Generative AI sparks new cloud & edge security concerns
The adoption of cloud and edge technologies continues to face significant security challenges and privacy concerns, particularly with the rapid growth of generative AI posing new threats to cloud security. SUSE has released the second edition of its "Securing the Cloud" trend report, unveiling these challenges and providing insights into how organisations respond to them.
SUSE's report highlights that 70% of IT decision-makers surveyed experienced at least one cloud security incident in the last 12 months. Additionally, 62% reported having at least one edge security incident within the same period. The findings underscore the pervasive nature of these threats and the demand for enhanced security measures.
Dr. Thomas Di Giacomo, Chief Technology and Product Officer of SUSE, commented on the findings: "Cloud and edge technologies play a vital role in accelerating digital evolution across the globe. Simultaneously, the threat landscape is continuously evolving to create new security risks. Our trend report showcases the growth in edge security incidents and the challenges facing IT teams in light of the generative AI revolution and growing complexity. At SUSE, we are primed to help enterprises modernise their IT stacks while addressing these risks. We will continue to support businesses that are choosing open for their transformation without compromising on security."
The report identifies generative AI as a significant security concern. Key issues include AI-powered cyberattacks (66%) and privacy and data security (65%). Only 4% of IT decision-makers surveyed did not perceive any risks associated with the technology. The concern is more pronounced among US respondents, with 73% citing privacy and data security and 74% worried about AI-powered cyberattacks, compared to 62% and 64% of European respondents.
Cloud security incidents have reportedly decreased overall, dropping from an average of 4 incidents last year to 2.3 incidents this year. Nonetheless, 70% of those affected dealt with multiple incidents, indicating a persistent need for robust security measures. The Netherlands experienced the highest average number of incidents (2.9), while the UK had the fewest (1.9).
Despite declining cloud security incidents, edge security remains a critical issue. 62% of respondents encountered at least one edge security event in the last year, with Germany (66%), the US (65%), and the Netherlands (64%) being the most affected. Software engineers reported the highest incidence of edge security events at 90%, highlighting a significant challenge for those responsible for maintaining the security of edge environments.
Ransomware attacks have emerged as the leading cloud security concern, with 38% of respondents identifying it as their top worry. This marks a shift from data theft and crypto mining within clusters, which were previously the primary concerns. Concerns about ransomware attacks are particularly pronounced in the UK and the US, where 43% of respondents cited it as a top issue compared to 29% in France.
Regarding mitigation strategies, many respondents deemed the in-house auditing of vendor software critical to combating supply chain attack risks.

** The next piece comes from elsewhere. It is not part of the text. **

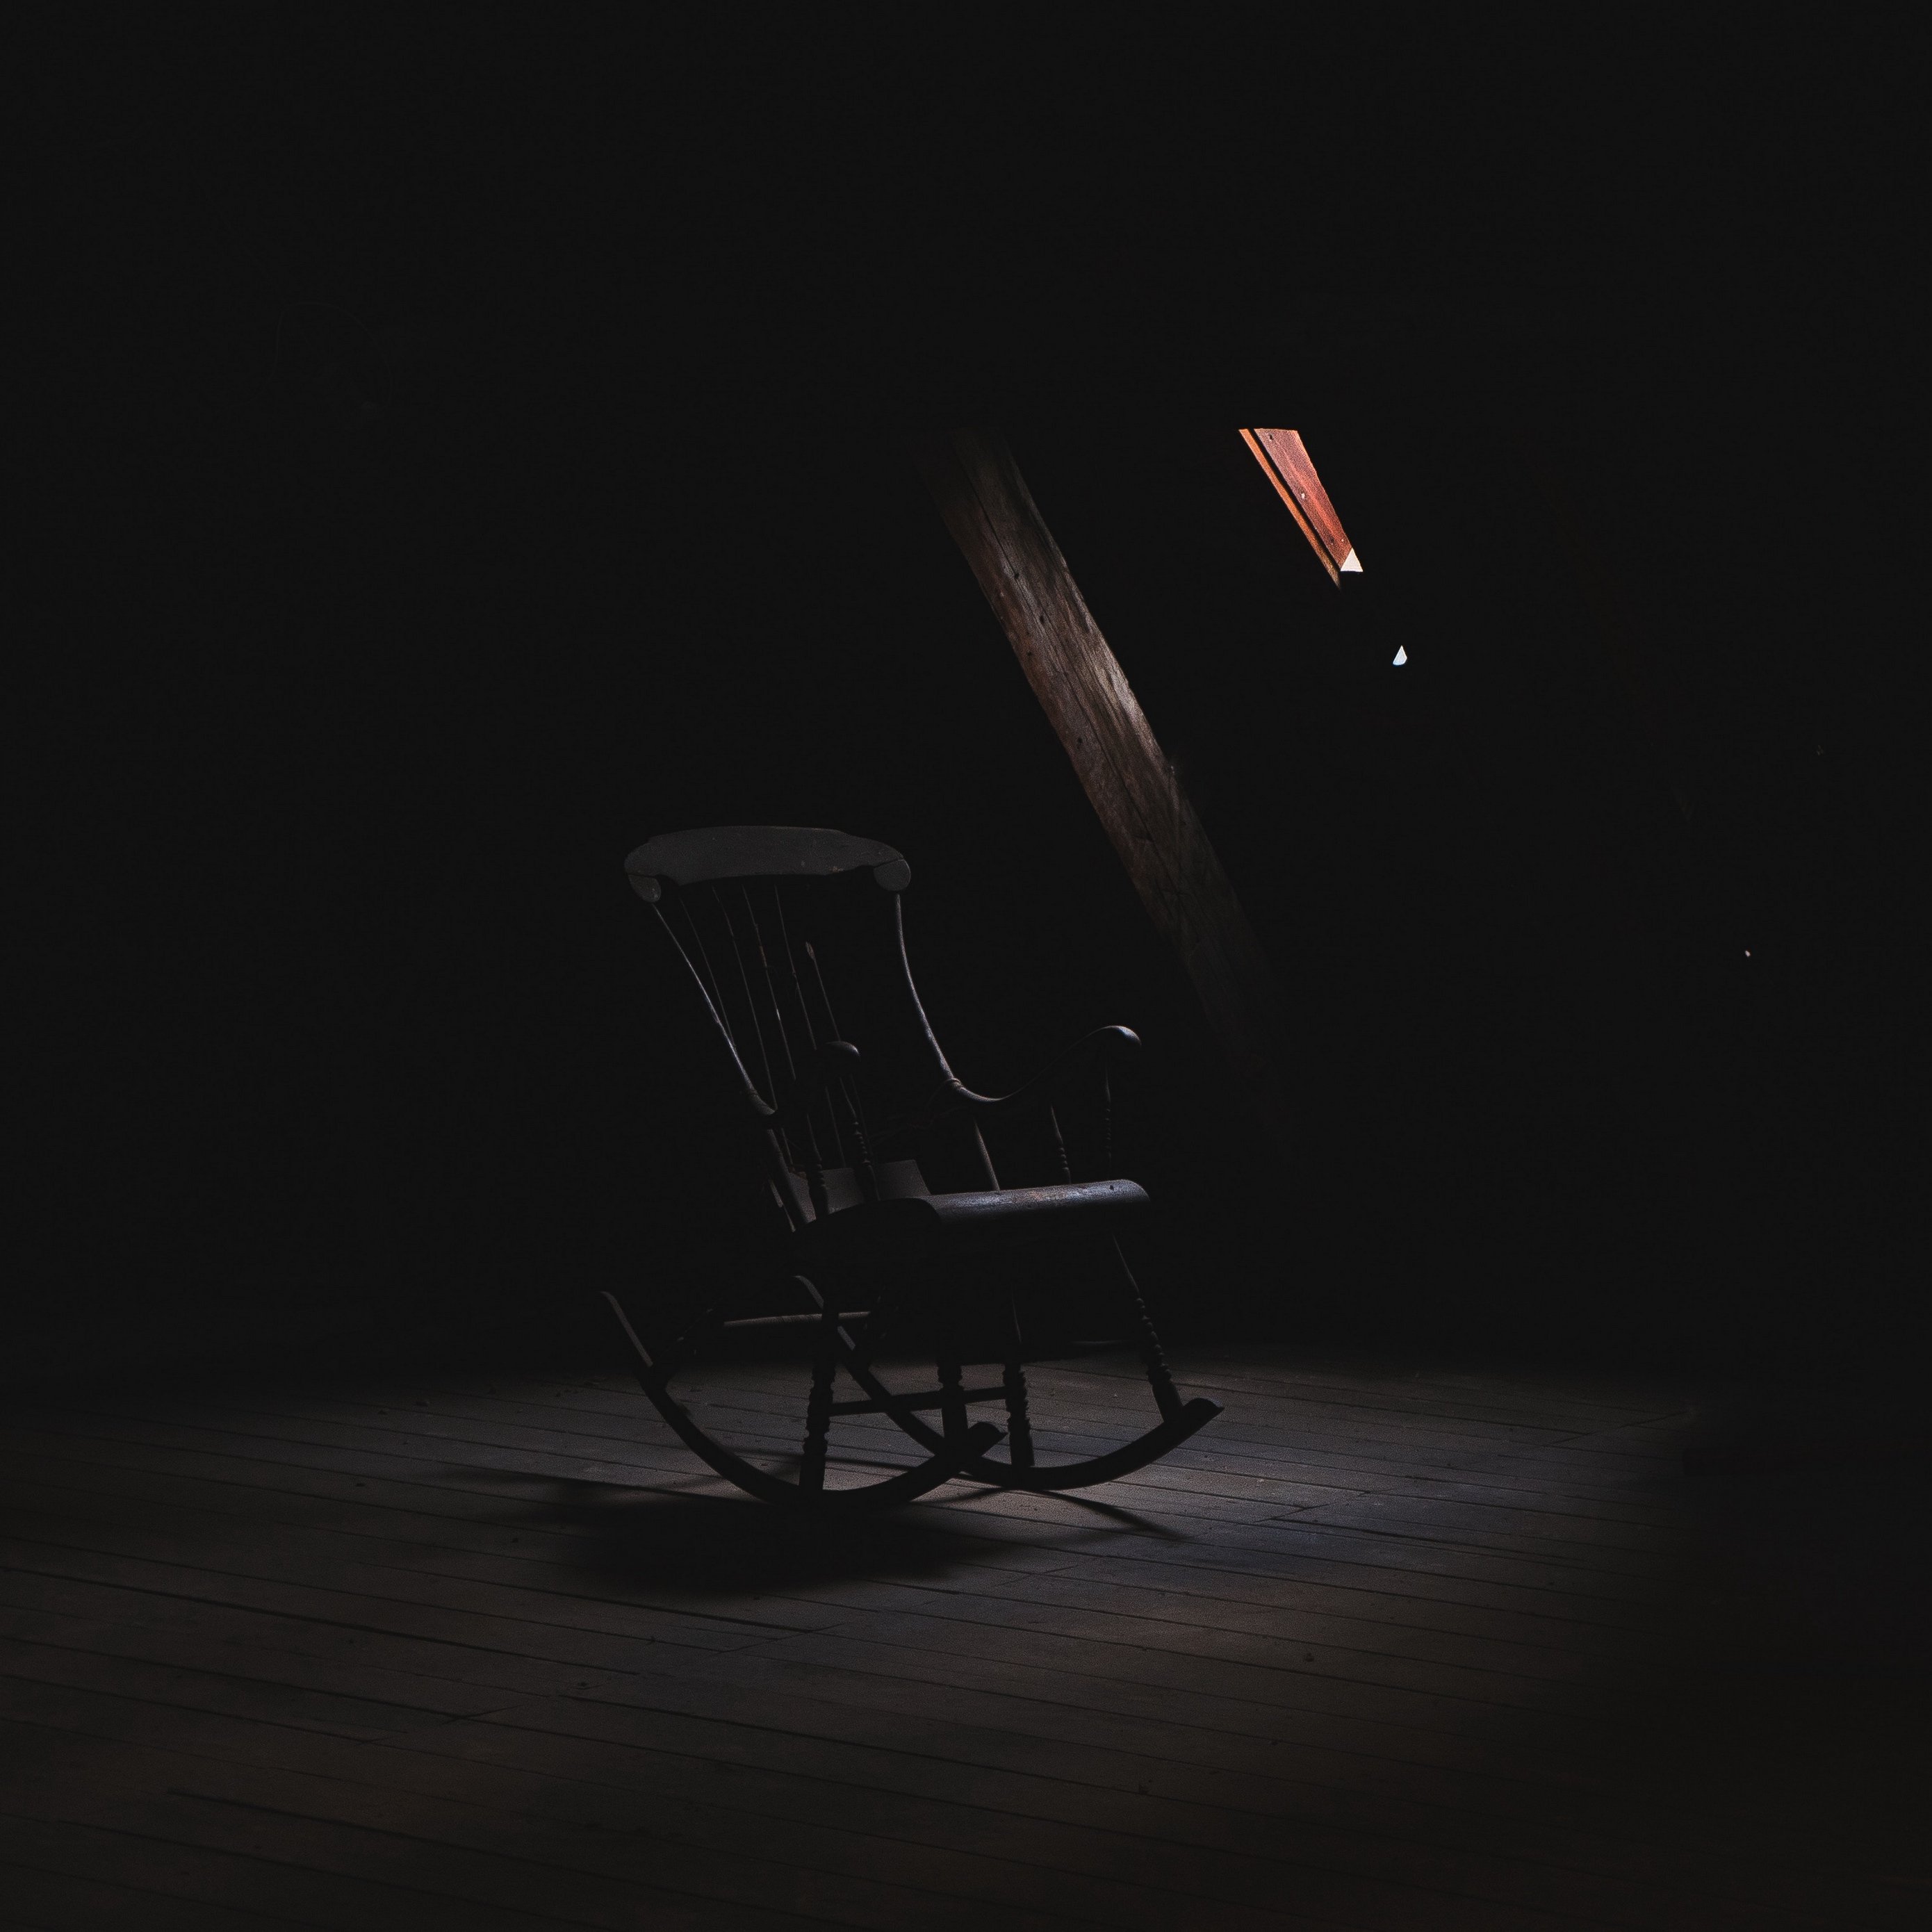 Download wallpaper 2780x2780 rocking chair, loft, dark, creepy ipad

One in four IT decision-makers also indicated that government-recognised supply chain security certifications would become a higher priority in the coming year.
Currently, container firewalls (41%), DoS or DDoS protection (38%), and security automation (36%) rank as the most commonly used cloud security practices among the IT professionals surveyed.
The report surveyed 820 IT professionals across the United States, Germany, the United Kingdom, France, and the Netherlands. It underscores ongoing concerns about cloud security that continue to impede the broader adoption of these technologies. Indeed, 86% of professionals indicated they would migrate more workloads to the cloud if data security could be assured.